Deputy Speaker of the Eastern Cape Provincial Legislature
- Incumbent
- Assumed office 17 May 2018
- Speaker: Noxolo Kiviet; Helen Sauls-August;

Member of the Eastern Cape Executive Council for Rural Development and Agrarian Reform
- In office 23 May 2014 – 9 May 2018
- Premier: Phumulo Masualle
- Preceded by: Zoleka Capa
- Succeeded by: Xolile Nqatha

Member of the Eastern Cape Executive Council for Local Government and Traditional Affairs
- In office 27 November 2010 – 23 May 2014
- Premier: Noxolo Kiviet
- Preceded by: Sicelo Gqobana
- Succeeded by: Fikile Xasa (for Cooperative Governance and Traditional Affairs)

Personal details
- Born: 16 June 1974 (age 51)
- Citizenship: South Africa
- Party: African National Congress

= Mlibo Qoboshiyane =

South African politician (born 1974)

Mlibo Qoboshiyane (born 16 June 1974) is a South African politician who has been serving as Deputy Speaker of the Eastern Cape Provincial Legislature since 17 May 2018. Before that, he was the Eastern Cape's Member of the Executive Council for Rural Development and Agrarian Reform from 2014 to 2018 under Premier Phumulo Masualle.

== Political career ==
In a cabinet reshuffle announced on 27 November 2010, Noxolo Kiviet, then the Premier of the Eastern Cape, appointed Qoboshiyane to the Eastern Cape Executive Council as Member of the Executive Council (MEC) for Local Government and Traditional Affairs. Qoboshiyane held that office until the 2014 general election, when he was re-elected to his seat in the Eastern Cape Provincial Legislature, ranked second on the provincial party list of the African National Congress (ANC). After the election, newly elected Premier Phumulo Masualle appointed him MEC for Rural Development and Agrarian Reform.
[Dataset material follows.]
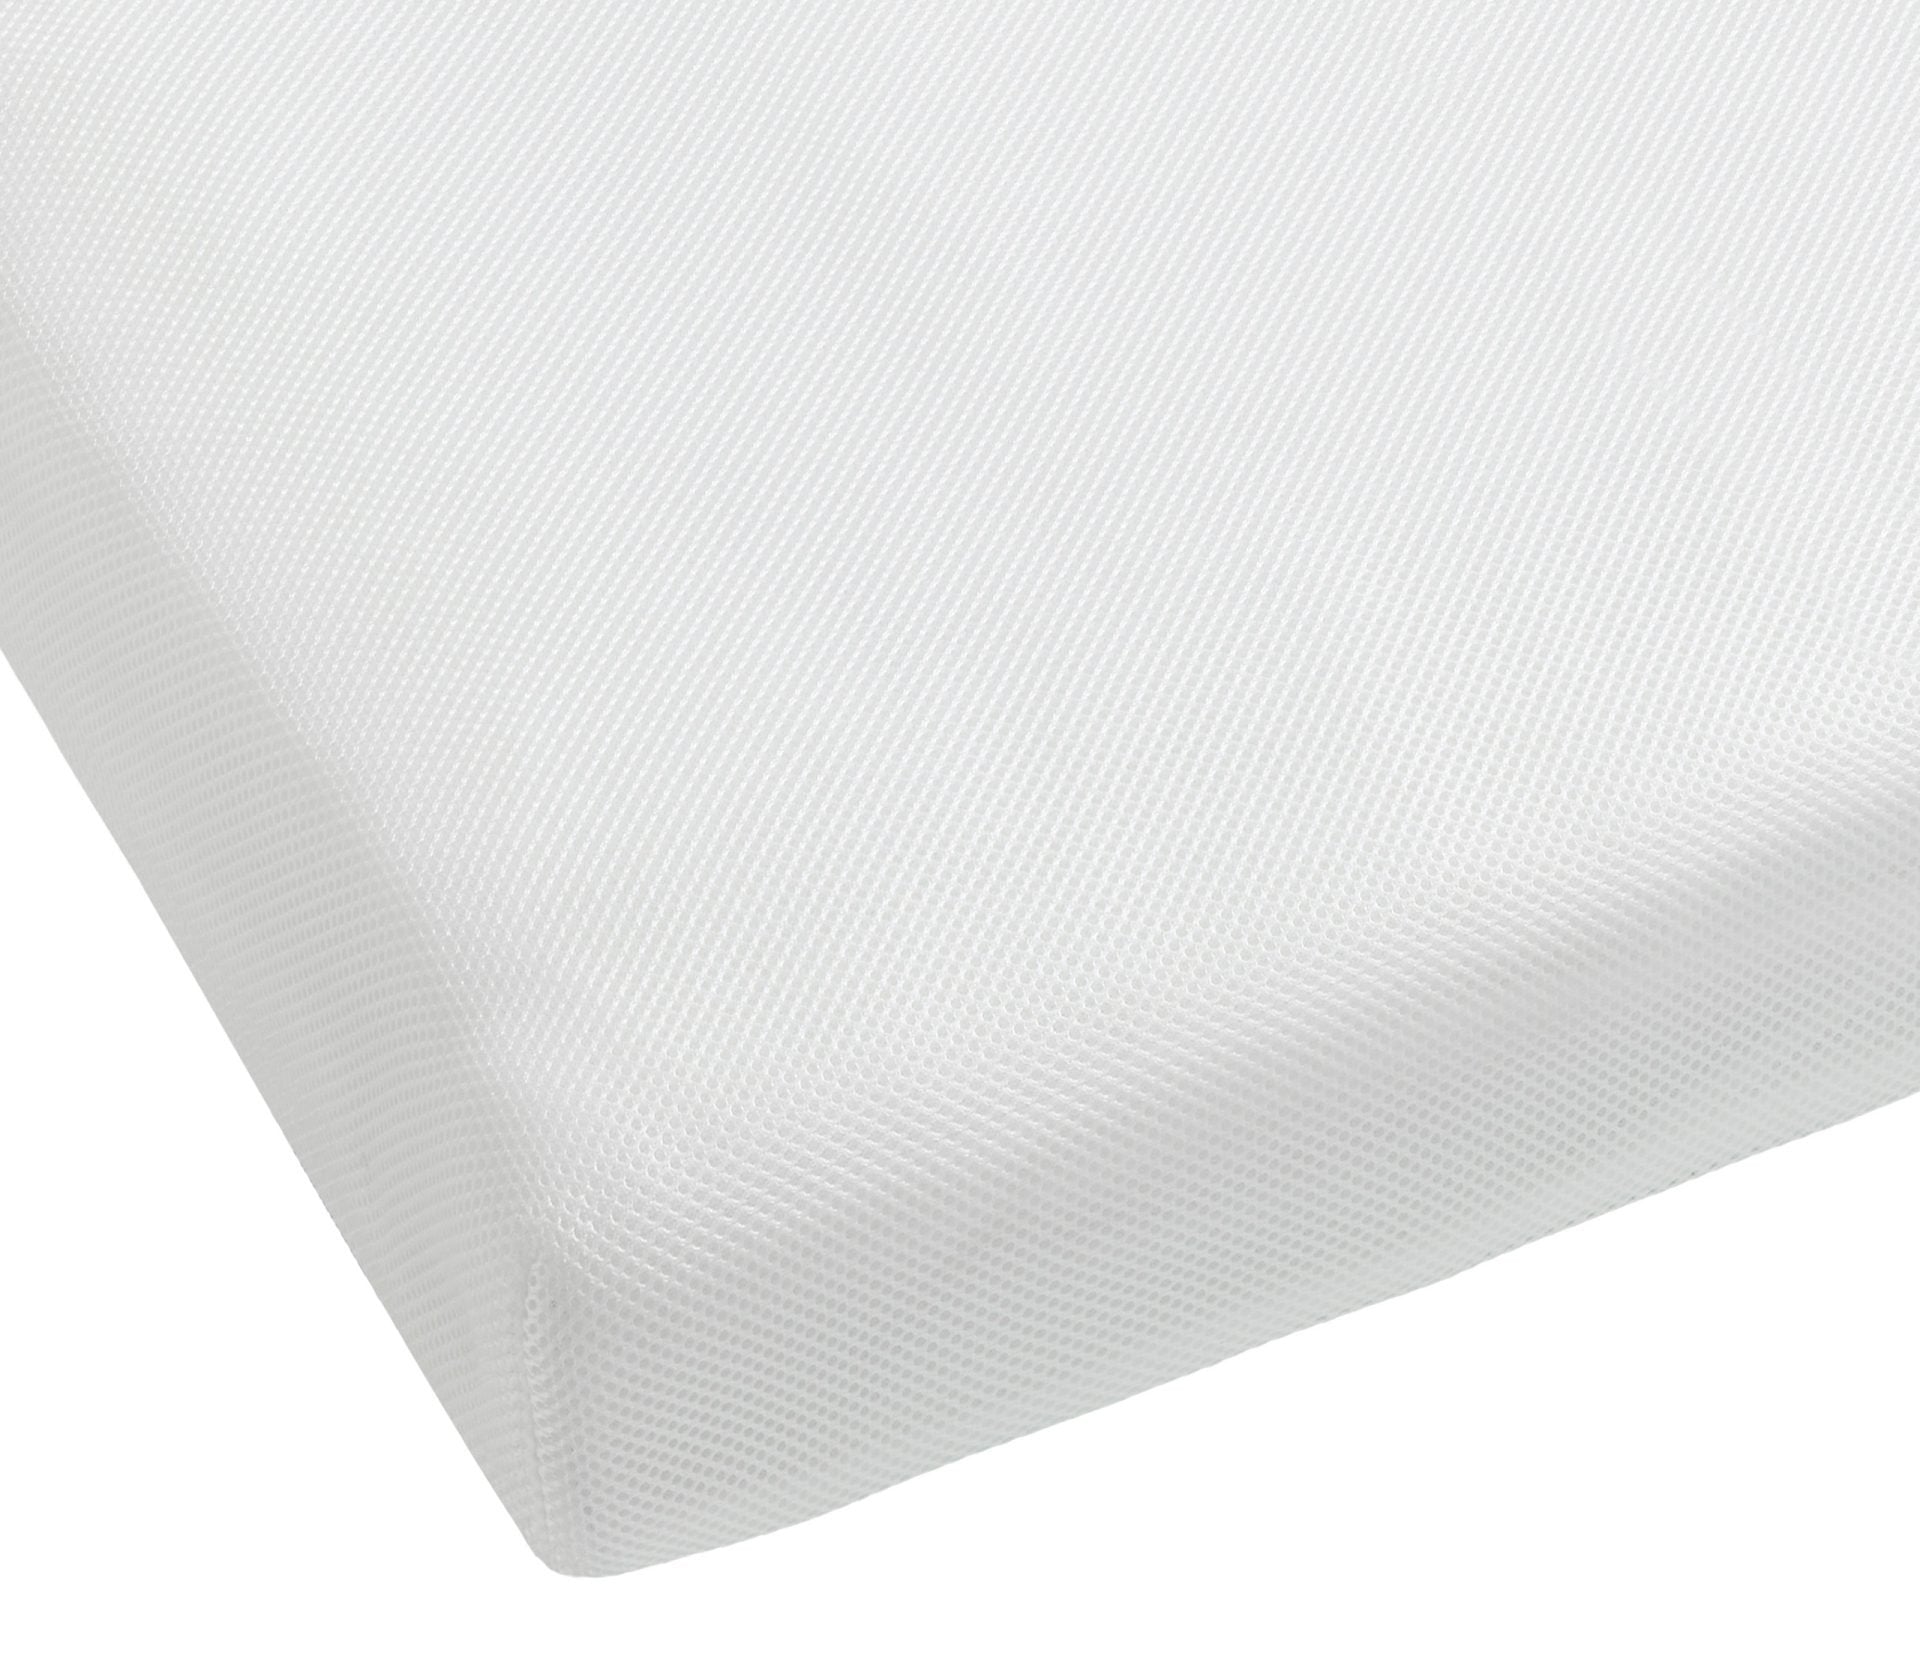 View Babymore Premium Core Pocket Sprung Cot Bed Mattress 140 x 70 x 10 CM information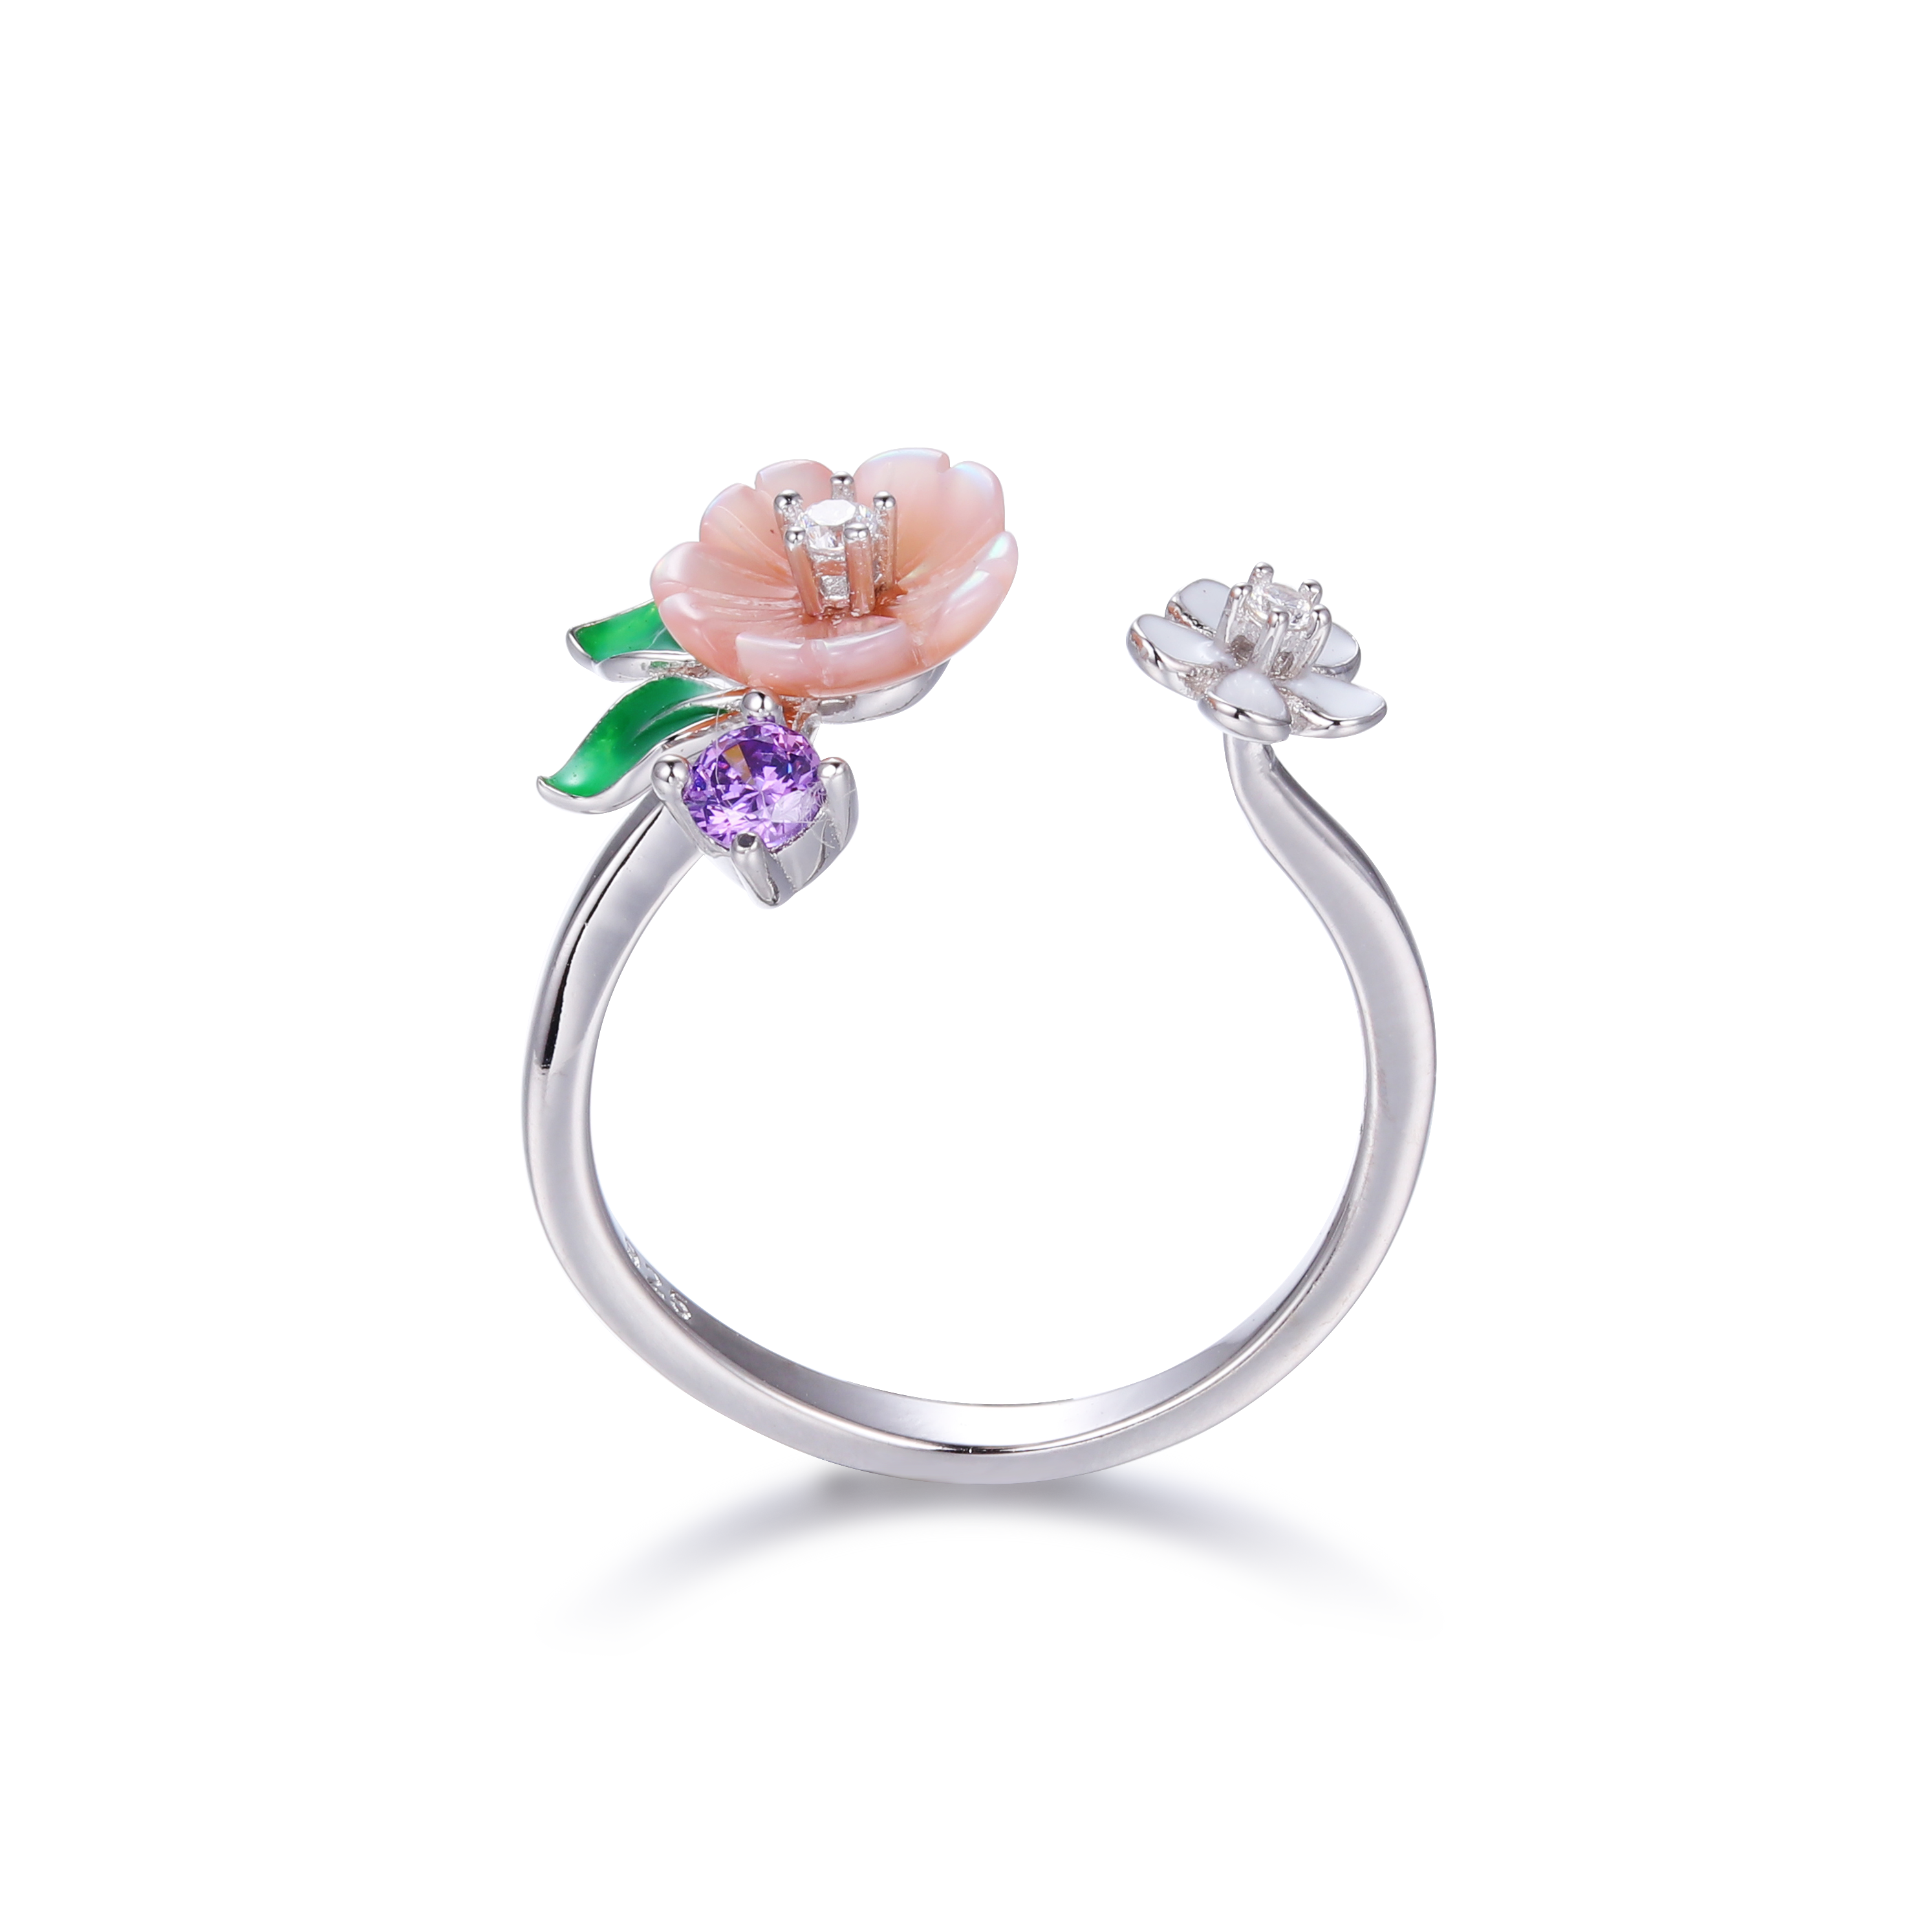 Peach Blossom Ring

Qoboshiyane remained in that portfolio until 9 May 2018, when Masualle effected a major cabinet reshuffle in which Qoboshiyane was fired and replaced by Xolile Nqatha. City Press reported that the provincial leadership of the ANC, led by Oscar Mabuyane, had forced Masualle to make the changes. Mabuyane had succeeded Masualle as ANC Provincial Chairperson at a hotly contested party elective conference in October 2017, at which Qoboshiyane had supported Masualle over Mabuyane.

After he left the Executive Council, Qoboshiyane retained his legislative seat. On 17 May 2018, he was elected unopposed as the Deputy Speaker of the Eastern Cape Provincial Legislature; he succeeded Bulelwa Tunyiswa, who had been appointed to the Executive Council in the same reshuffle in which Qoboshiyane was fired. In the 2019 general election, Qoboshiyane was re-elected to the legislature, ranked seventh on the ANC's party list, and was re-elected as Deputy Speaker.

Ahead of the ANC's next party elective conference in 2022, Qoboshiyane campaigned to replace Mabuyane as ANC Provincial Chairperson. Mabuyane and Babalo Madikizela were viewed as the frontrunners in the election, but Qoboshiyane presented himself as a compromise candidate leading a slate which also included MECs Fundile Gade and Weziwe Tikana-Gxothiwe. However, when the conference opened in May 2022, Qoboshiyane withdrew his name from contention and joined Madikizela's slate. Mabuyane ultimately won re-election and, at the same conference, Qoboshiyane failed to gain election to the ANC's Provincial Executive Committee.

== Personal life ==
Qoboshiyane has a twin sister, Mlibokazi; their birthday is 16 June. He is married to Vatiswa Qoboshiyane.